Николай Лесков - Антука
Мориц сделал презрительную гримасу.
- Ага!
- Я вас не боюсь, господин капитан.
- А не хочешь ли ты, я тебе расскажу кое-что постыднее, чем не знать про Суварова?
- Очень рад послушать, что вы соврете.
- Совру! Нет, мой милейший! Я не совру: ты увидишь, что твои укоризны напрасны, и что я, как жандарм, кое-что знаю.
Мориц приложил руки к виску и субординационно ответил:
- Извините, господин капитан!
- То-то и есть, приятель! Я знаю даже очень незначительные мелочи, и если хочешь, я сейчас же представлю тебе на это доказательство.
- Очень желаю! Как же... очень желаю, господин капитан.
- Третьего дня, вот в такой же счастливый час свободы между двумя дорожными поездами, я пошел в проходку, и когда проходил мимо дома одного здешнего обывателя, то, как ты думаешь, на что я наткнулся?
- Черт вас знает, на что вы наткнулись.
- Я увидал, как его сынишка резал звездочками морковь для супа и пел преглупую песенку: "Наш шановный бан налил воды в жбан". Ты знаешь эту песенку?
- Не знаю, но слыхал.
- Да; но ведь это у тебя, если не ошибаюсь, третьего дня в супе плавали морковные звездочки?
- Вы все знаете и ни в чем не ошибаетесь, капитане.
- Так, мой милый Мориц, я все знаю, а за то, что ты знаешь, что я все знаю, - я советую тебе сейчас же пойти в свои комнаты и хорошенько выпороть твоего Яську.
- О, капитане, я это уже сделал.
- Вот это прекрасно! Теперь ты можешь надеяться, что это будет известно в Вене.
Мориц щелкнул туфлями и поклонился.
- И что же?.. Ты, надеюсь, стегал и причитывал, и, может быть, добился от Яськи: кто его этой песне выучил?

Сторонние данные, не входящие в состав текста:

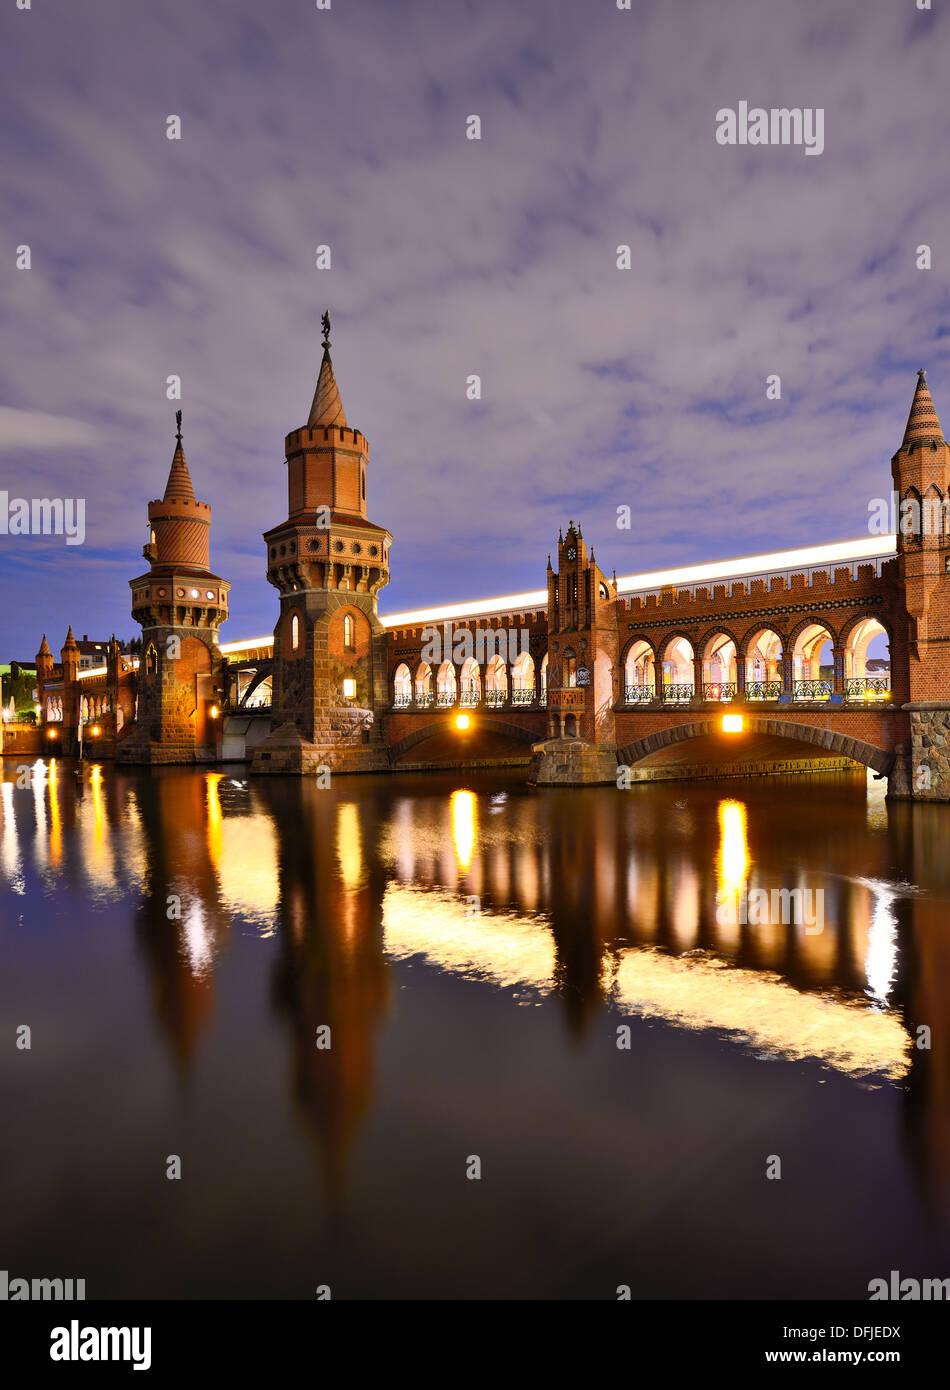 Oberbaumbrücke über die Spree in Berlin, Deutschland. Stockbild

- Узнал все, как на ладонке.
- Кто же его научил?
- Ваш Стаська, мой добрый капитан.
Гонорат оборотился в сторону Морица, посмотрел на него и, расхохотавшись, воскликнул:
- Ты шельма!
- Покорно вас благодарю.
- Нет, ей-богу!.. Ты, мой любезный Мориц, не обижайся... Я тебе это откровенно говорю, что ты шельма! И ты знаешь...
- Что еще позволите знать, капитане?
- Ты, конечно, знаешь, что "шельма" это не значит то, что... шельма, а это значит, что ты молодец.

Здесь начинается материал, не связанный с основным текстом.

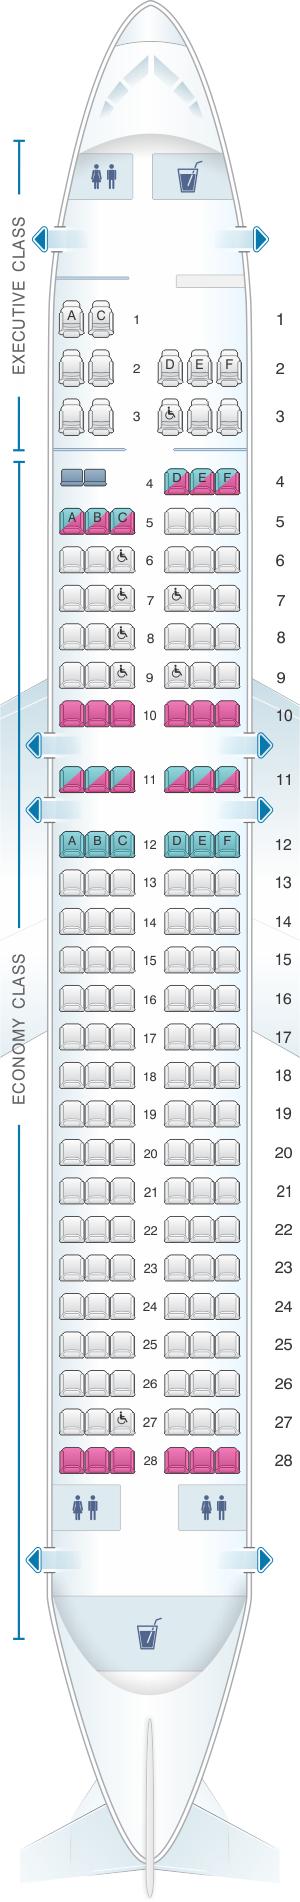 Seat map for SATA Air Açores Airbus A320-200 Config.1

- О, я молодец! Мне это еще раньше вас говорили, капитане.
- Я тебя за это так и люблю. Я не люблю рохлей.
- Фуй! И я их терпеть не могу, пане капитане.
- Я больше всего уважаю в человеке находчивость, чтобы человек всегда и везде был умен и находчив. И я для находчивого человека все готов сделать.
- Но случалось ли так, чтобы вы что-нибудь для кого-нибудь делывали?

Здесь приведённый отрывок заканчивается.